WHAT IS REQUIRED: The reply must repeat the listing below exactly and carry none of its pictures.

GIVEN MATERIAL:
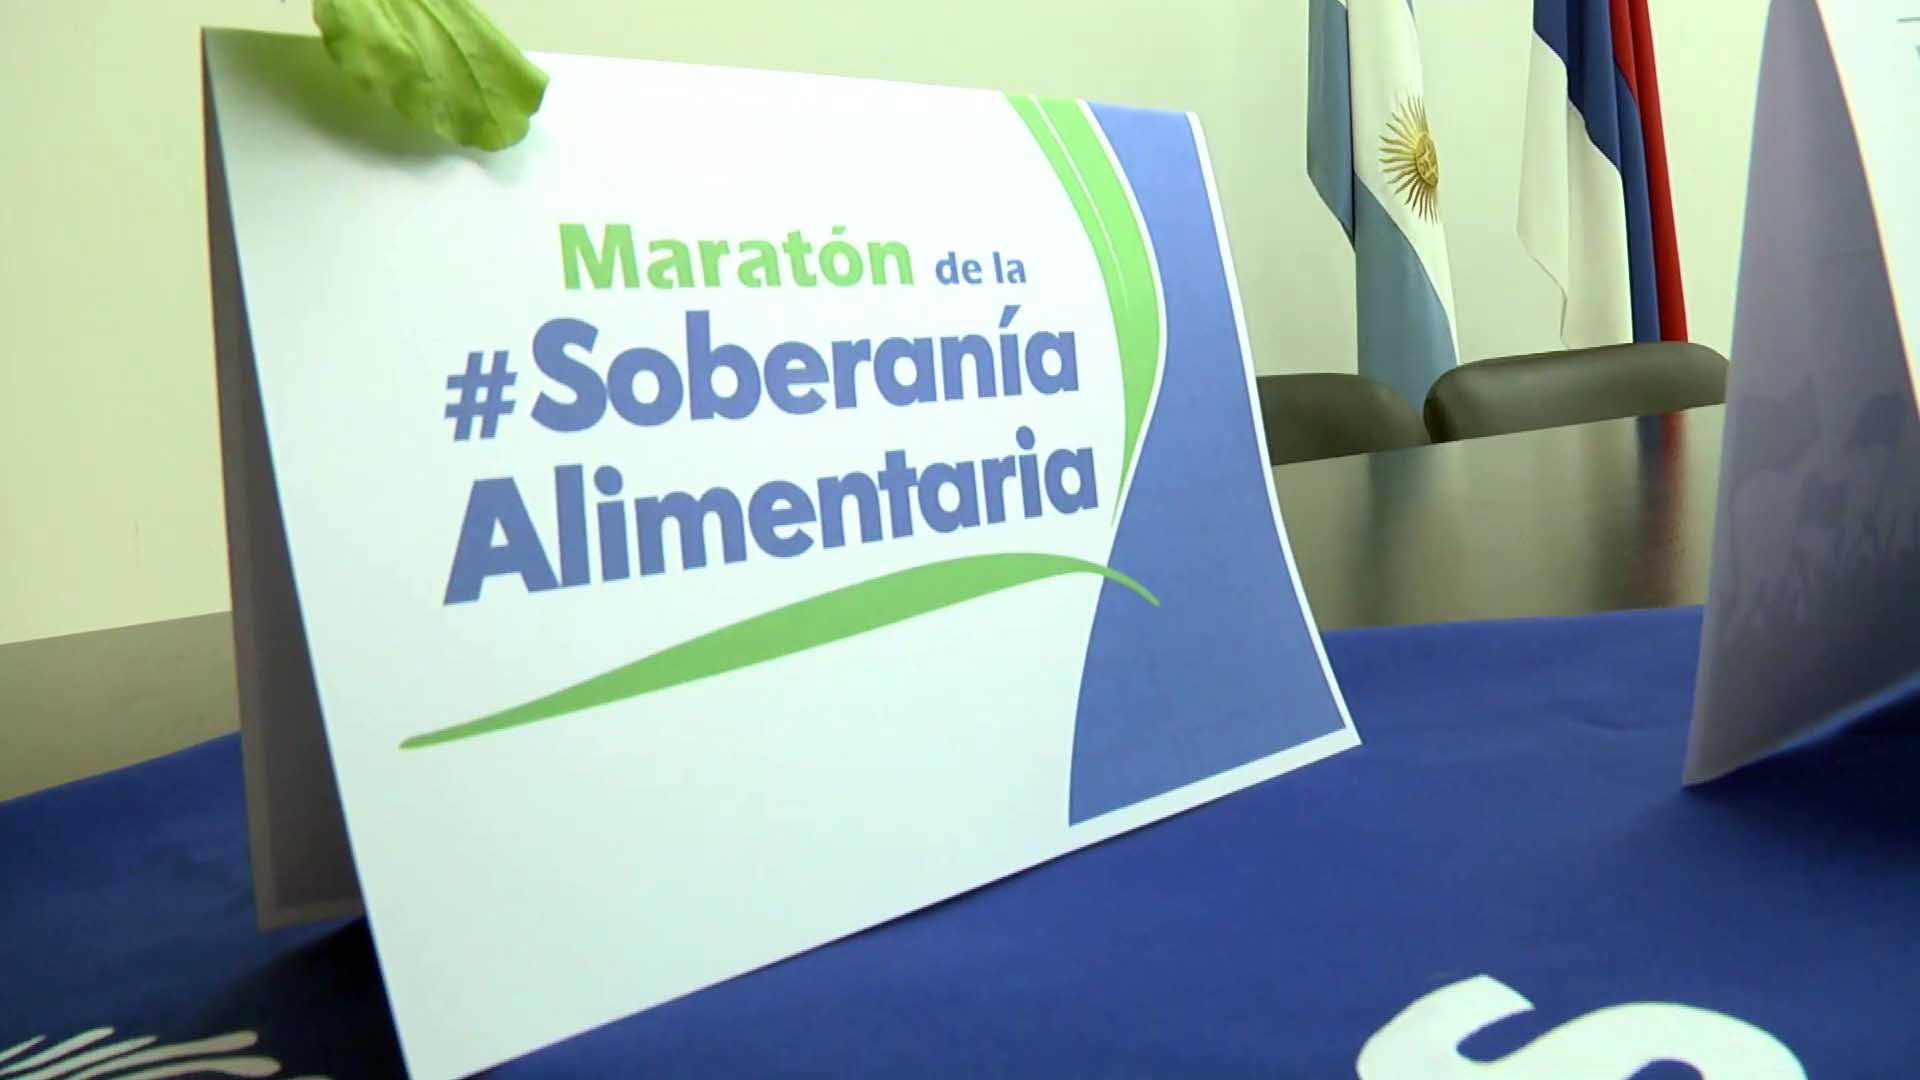 Anunciaron la maratón de la Soberanía Alimentaria y Plaza Agroecológica
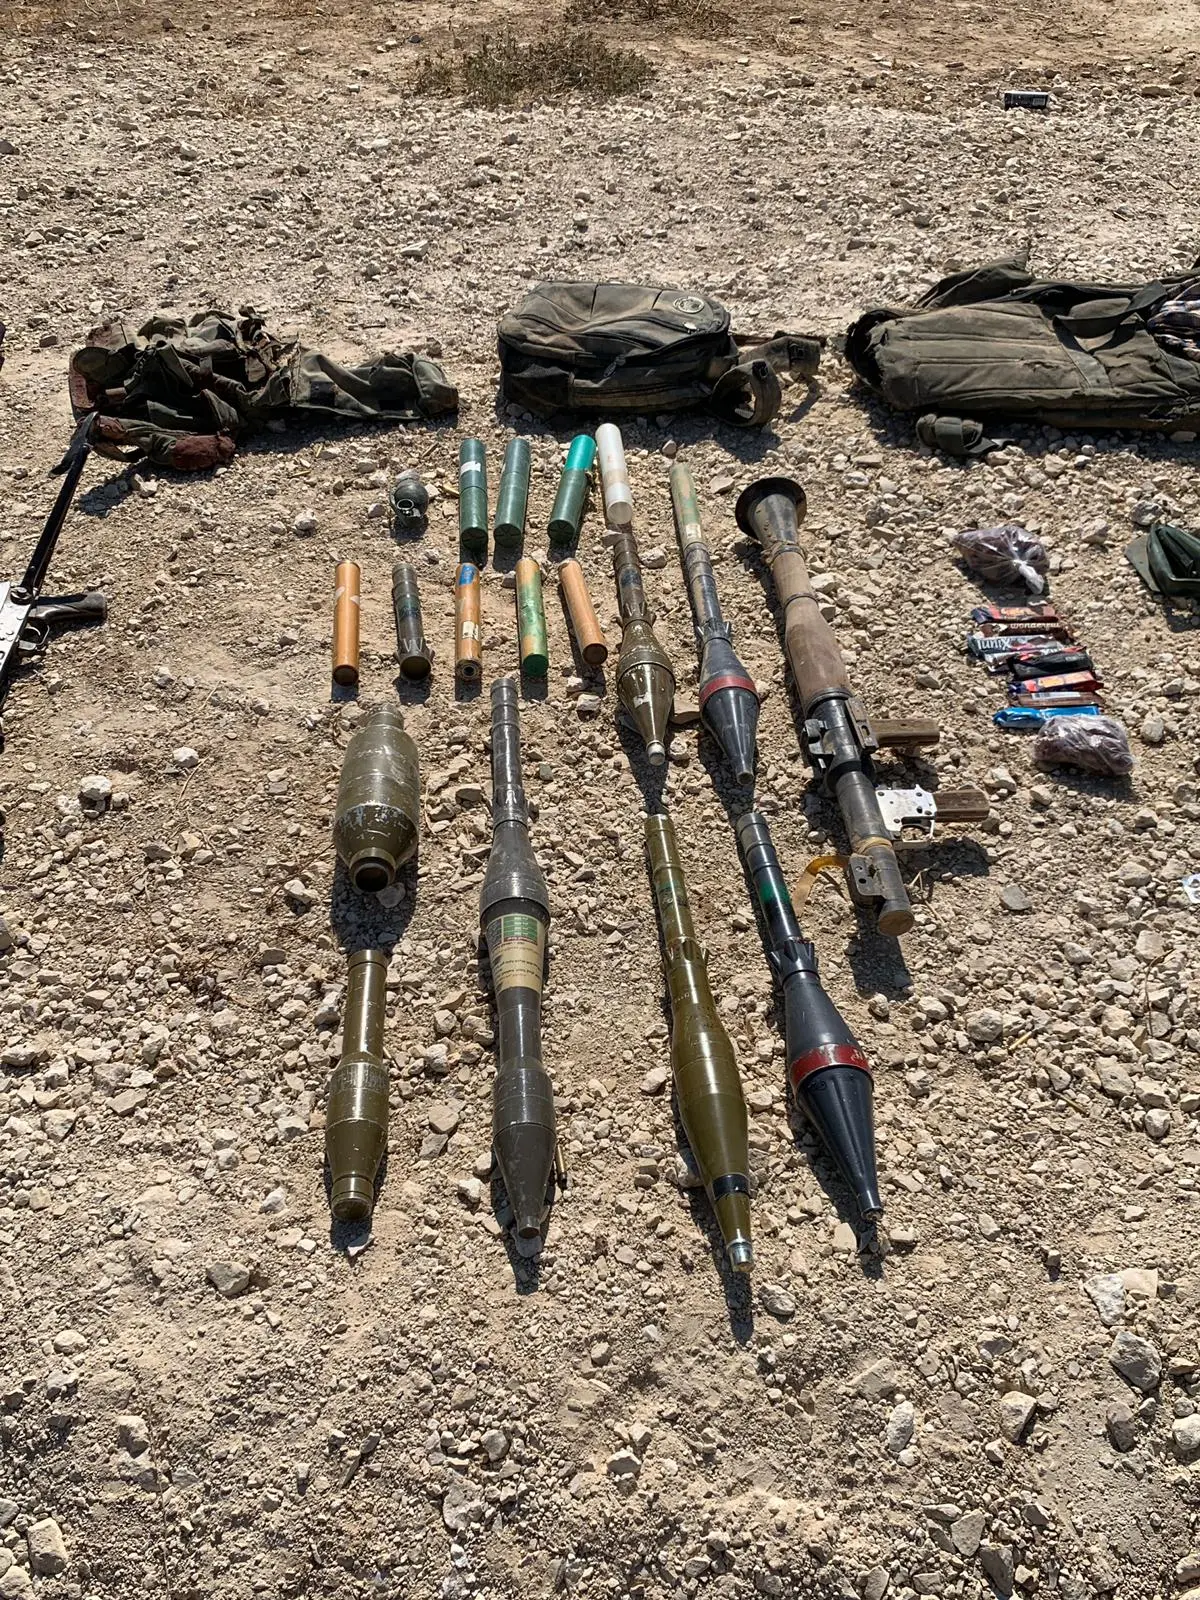 כלי נשק של מחבלי חמאס שחוסלו על ידי צה"ל בניסיון חדירה מרצועת עזה, 10 אוגוססט 2019
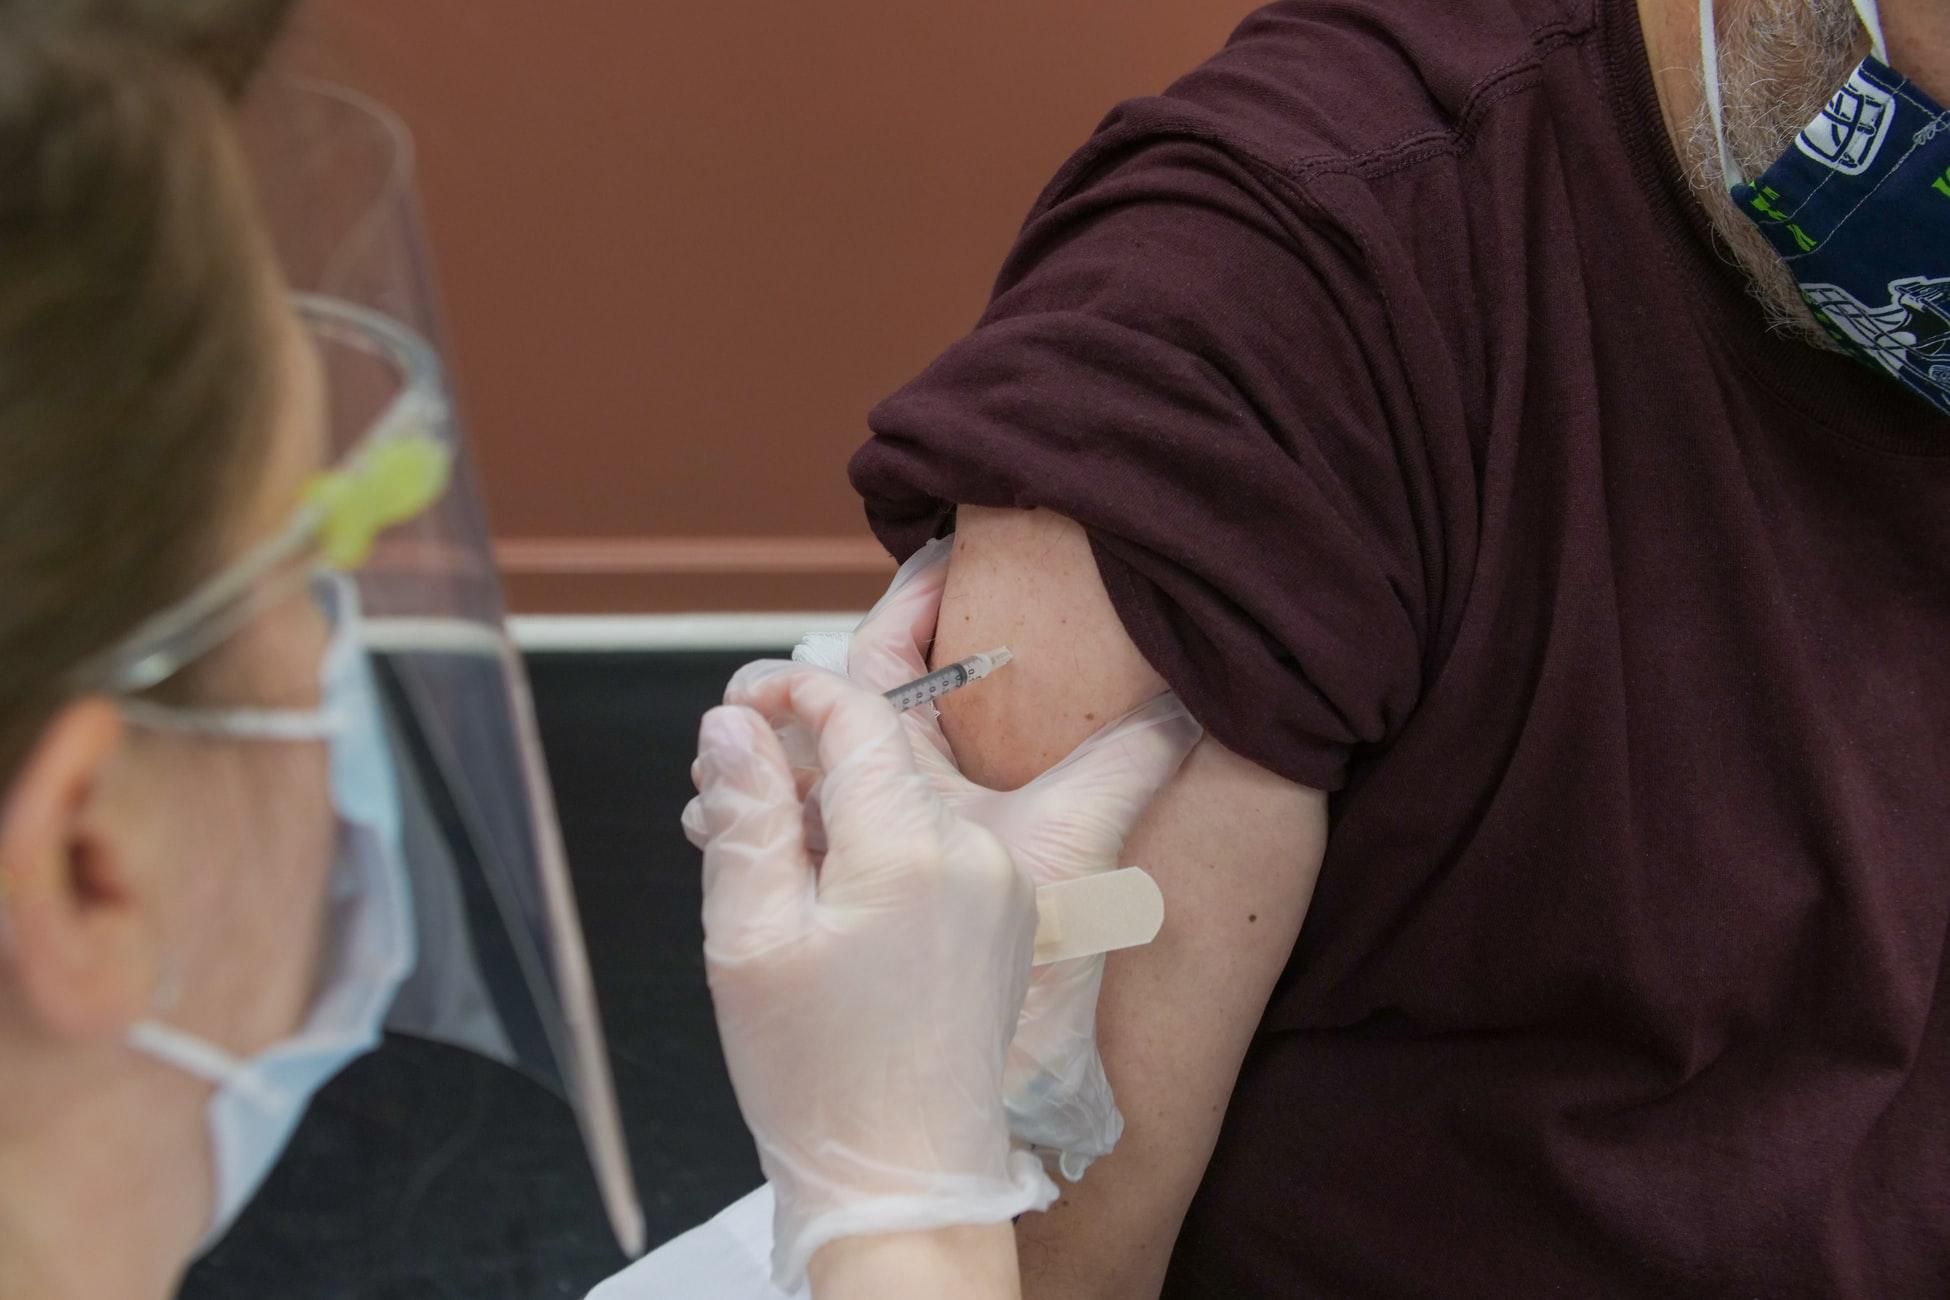 "Проривні інфекції": вчені пояснили, чому люди хворіють на коронавірус після вакцинації - Новини Здоров’я

EXPECTED ANSWER:
 Anunciaron la maratón de la Soberanía Alimentaria y Plaza Agroecológica
 כלי נשק של מחבלי חמאס שחוסלו על ידי צה"ל בניסיון חדירה מרצועת עזה, 10 אוגוססט 2019
 "Проривні інфекції": вчені пояснили, чому люди хворіють на коронавірус після вакцинації - Новини Здоров’я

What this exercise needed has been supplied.